▶ Raw data
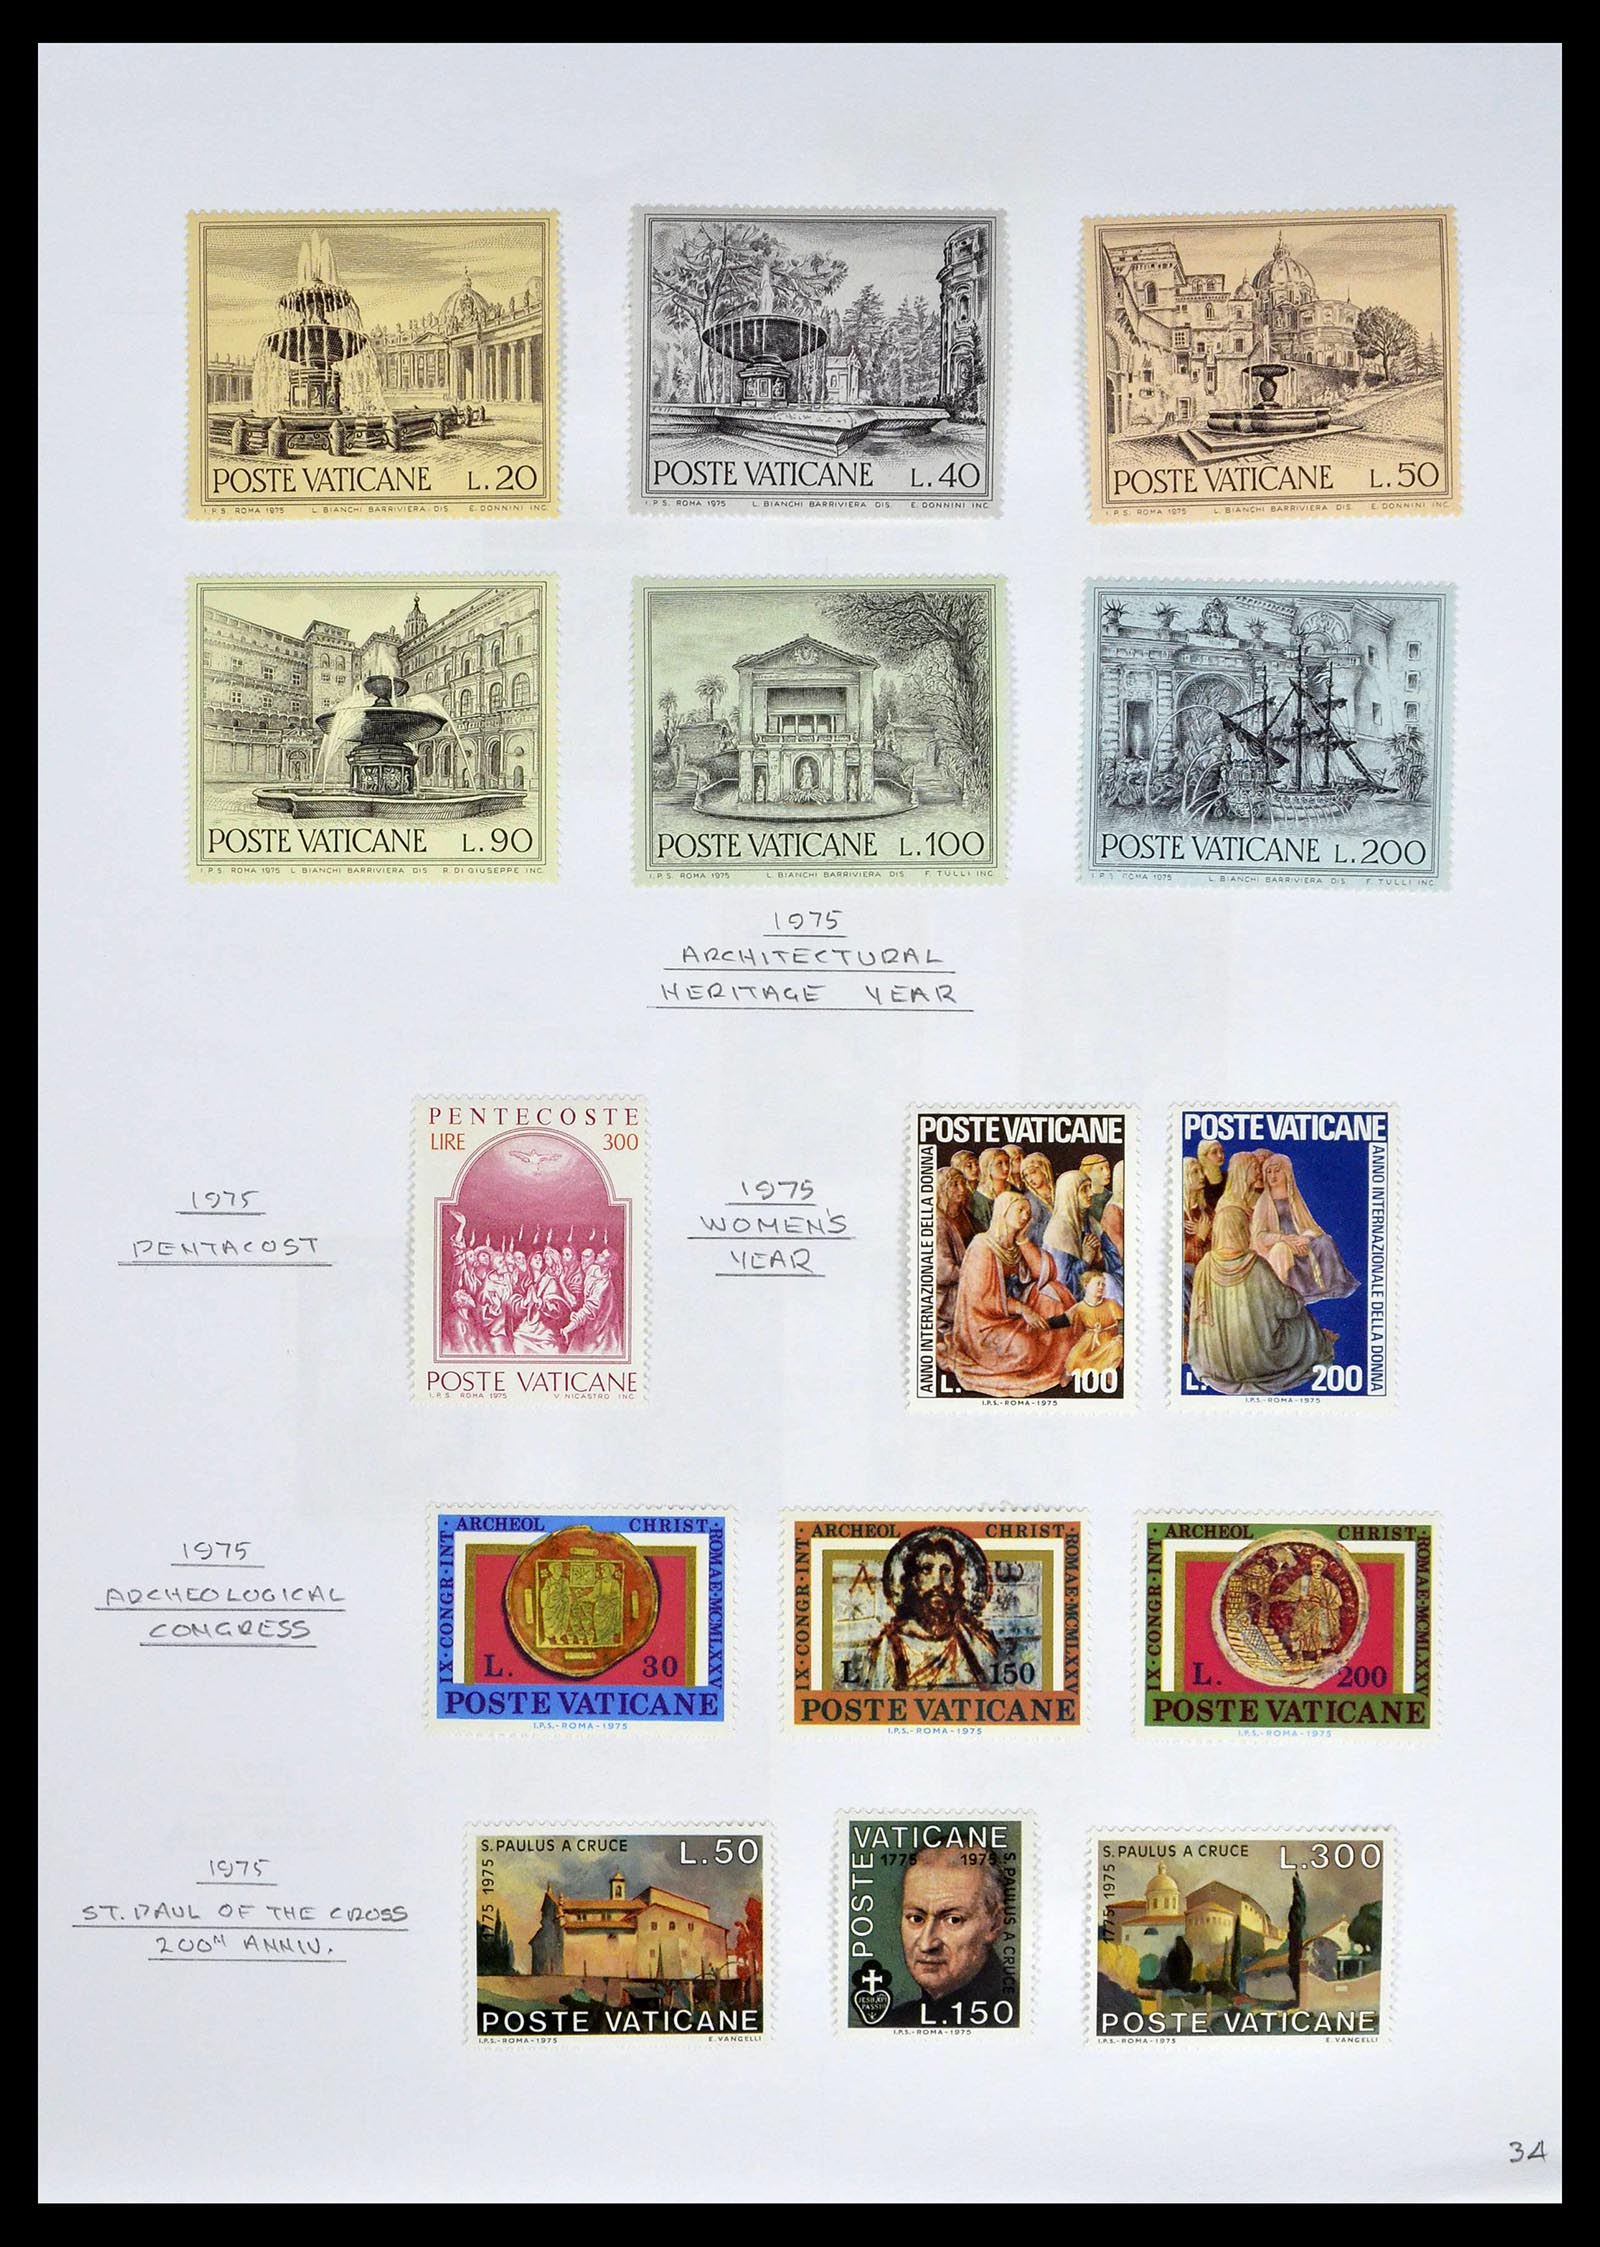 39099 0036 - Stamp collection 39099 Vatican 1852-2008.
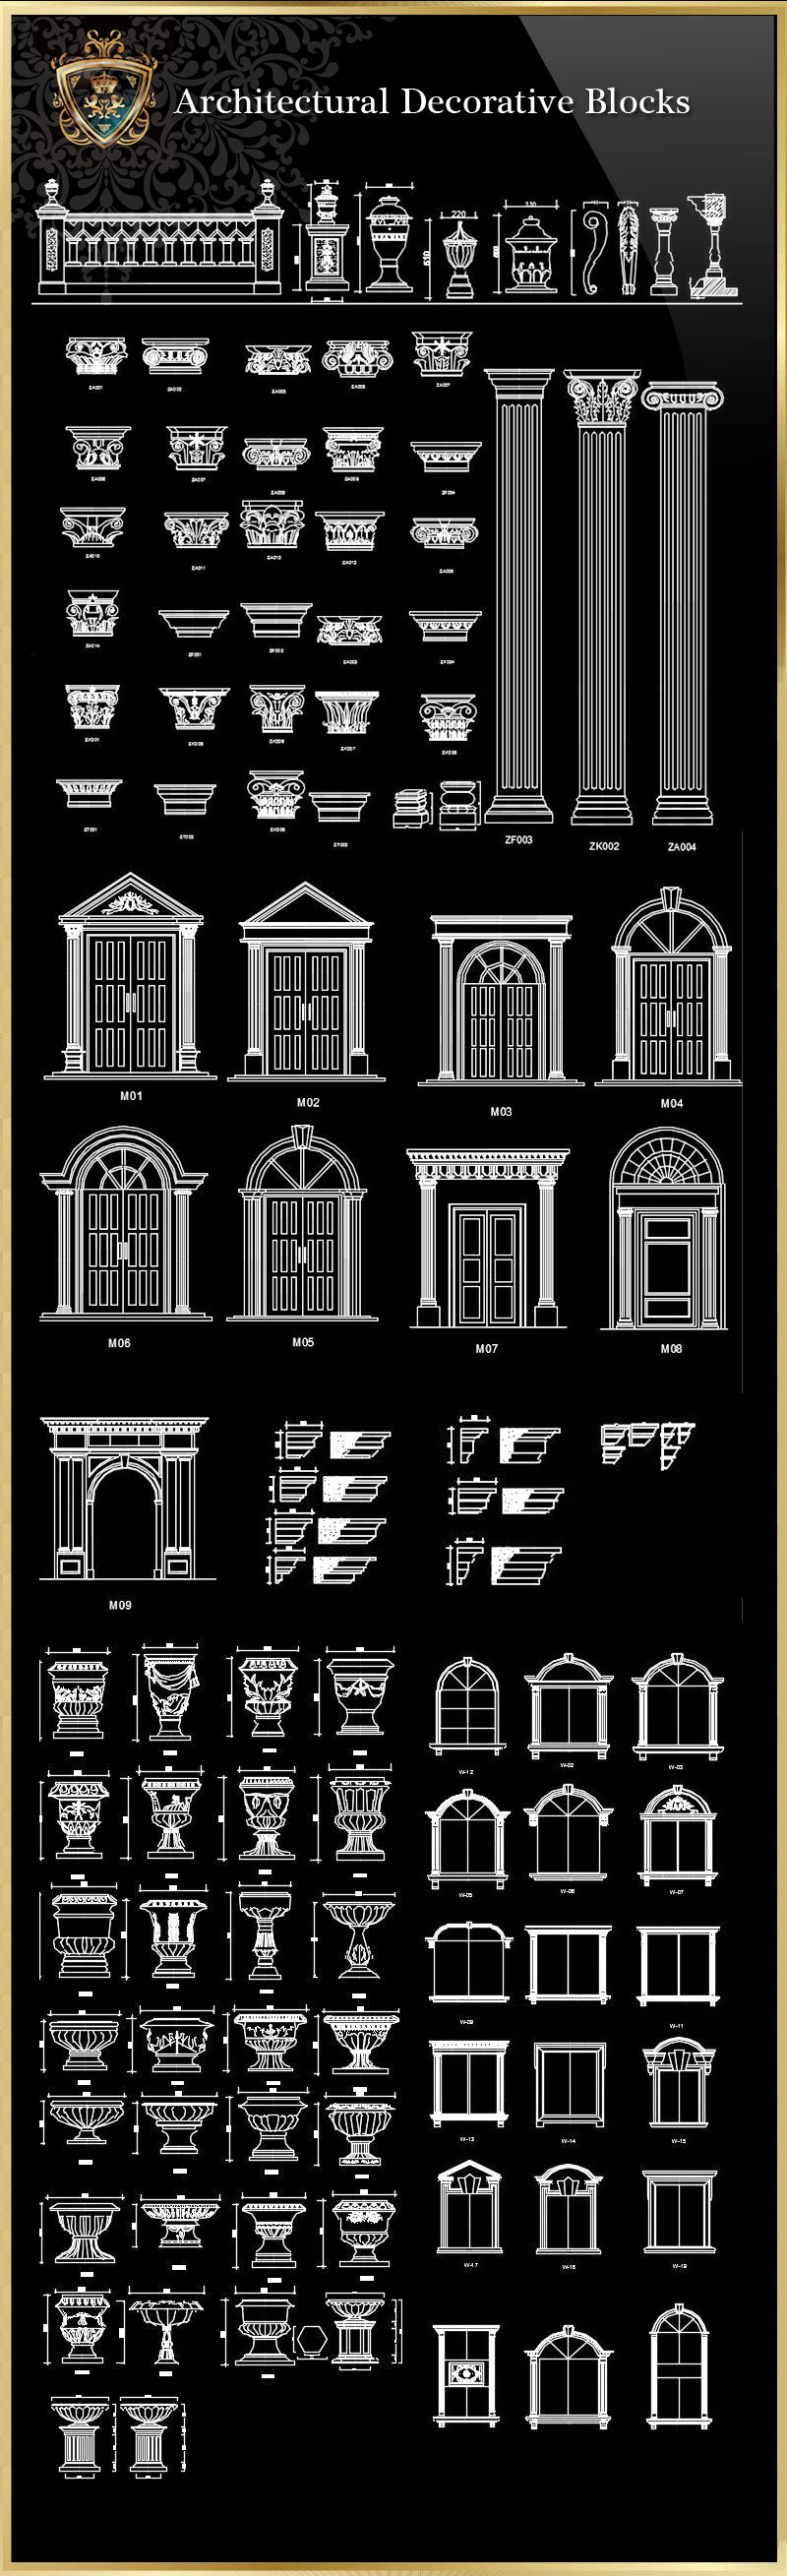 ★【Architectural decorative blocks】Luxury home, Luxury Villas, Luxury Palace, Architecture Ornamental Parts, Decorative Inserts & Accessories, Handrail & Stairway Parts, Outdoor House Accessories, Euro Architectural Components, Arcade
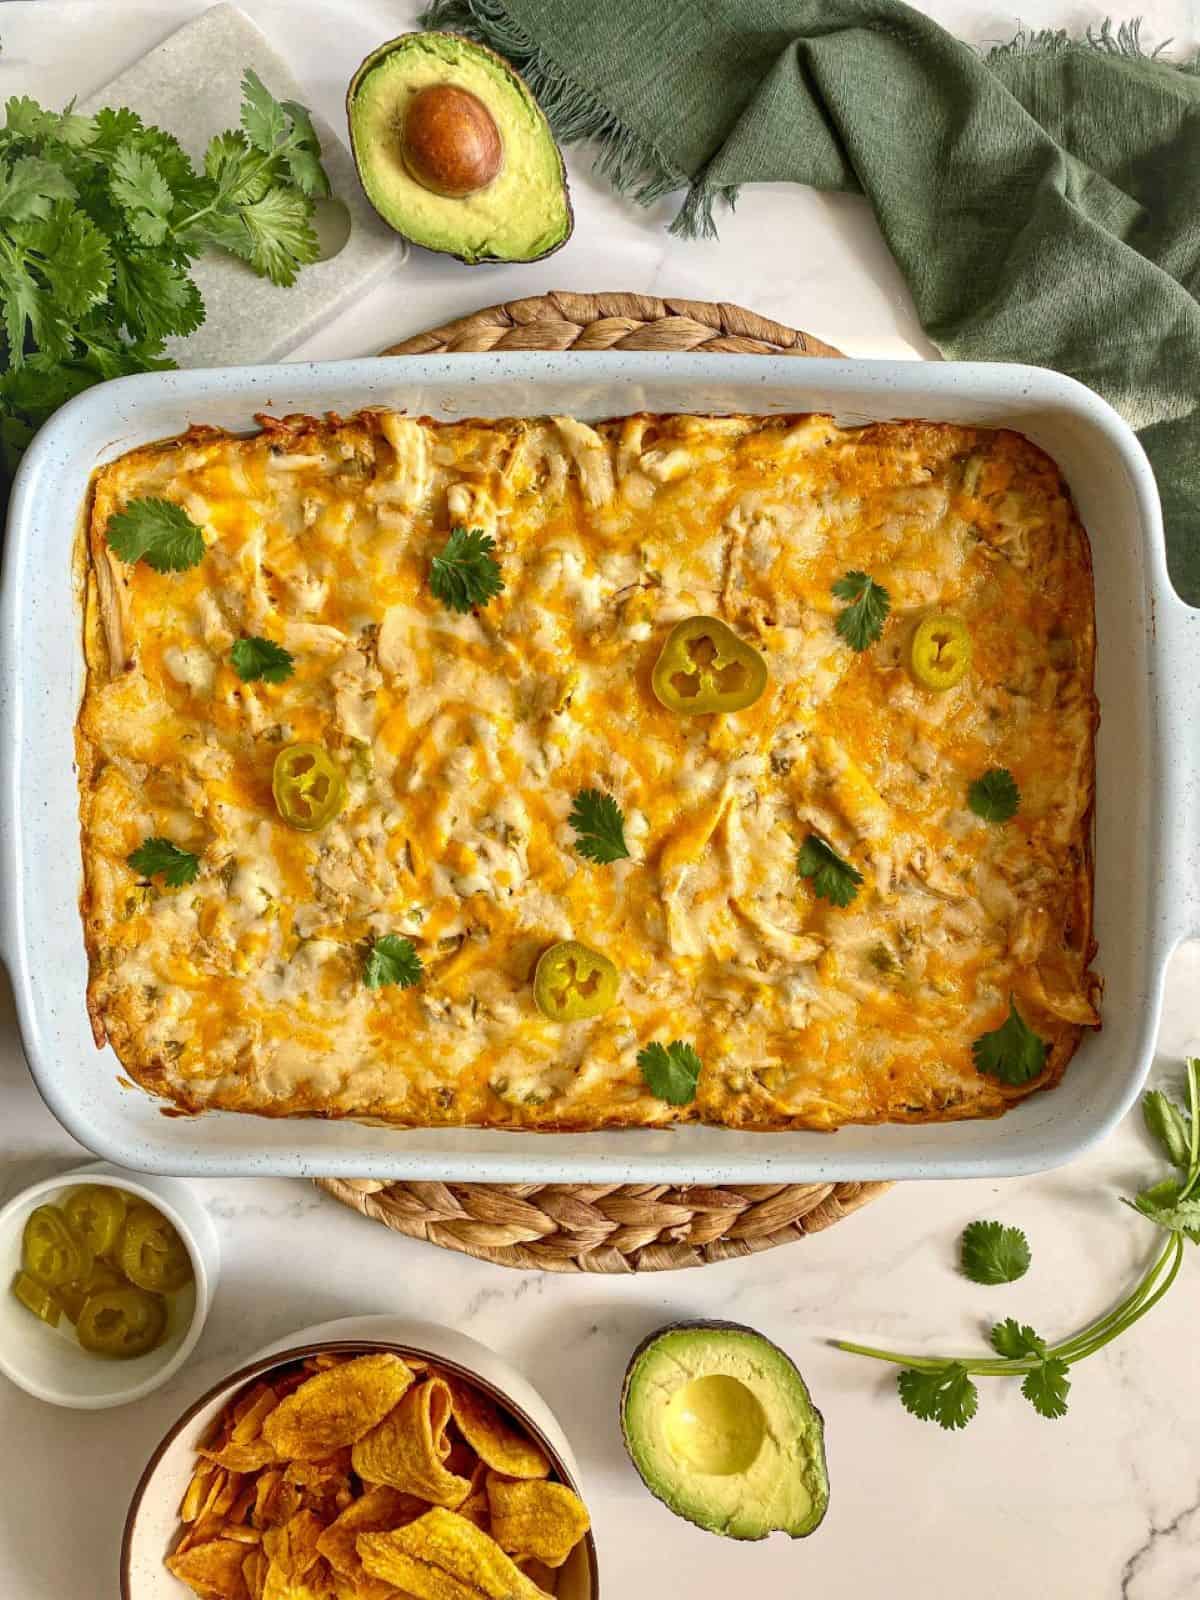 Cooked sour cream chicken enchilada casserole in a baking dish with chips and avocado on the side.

▶ Exercise details
Output the listing exactly. Leave out any image.

▶ Your response
 39099 0036 - Stamp collection 39099 Vatican 1852-2008.
 ★【Architectural decorative blocks】Luxury home, Luxury Villas, Luxury Palace, Architecture Ornamental Parts, Decorative Inserts & Accessories, Handrail & Stairway Parts, Outdoor House Accessories, Euro Architectural Components, Arcade
 Cooked sour cream chicken enchilada casserole in a baking dish with chips and avocado on the side.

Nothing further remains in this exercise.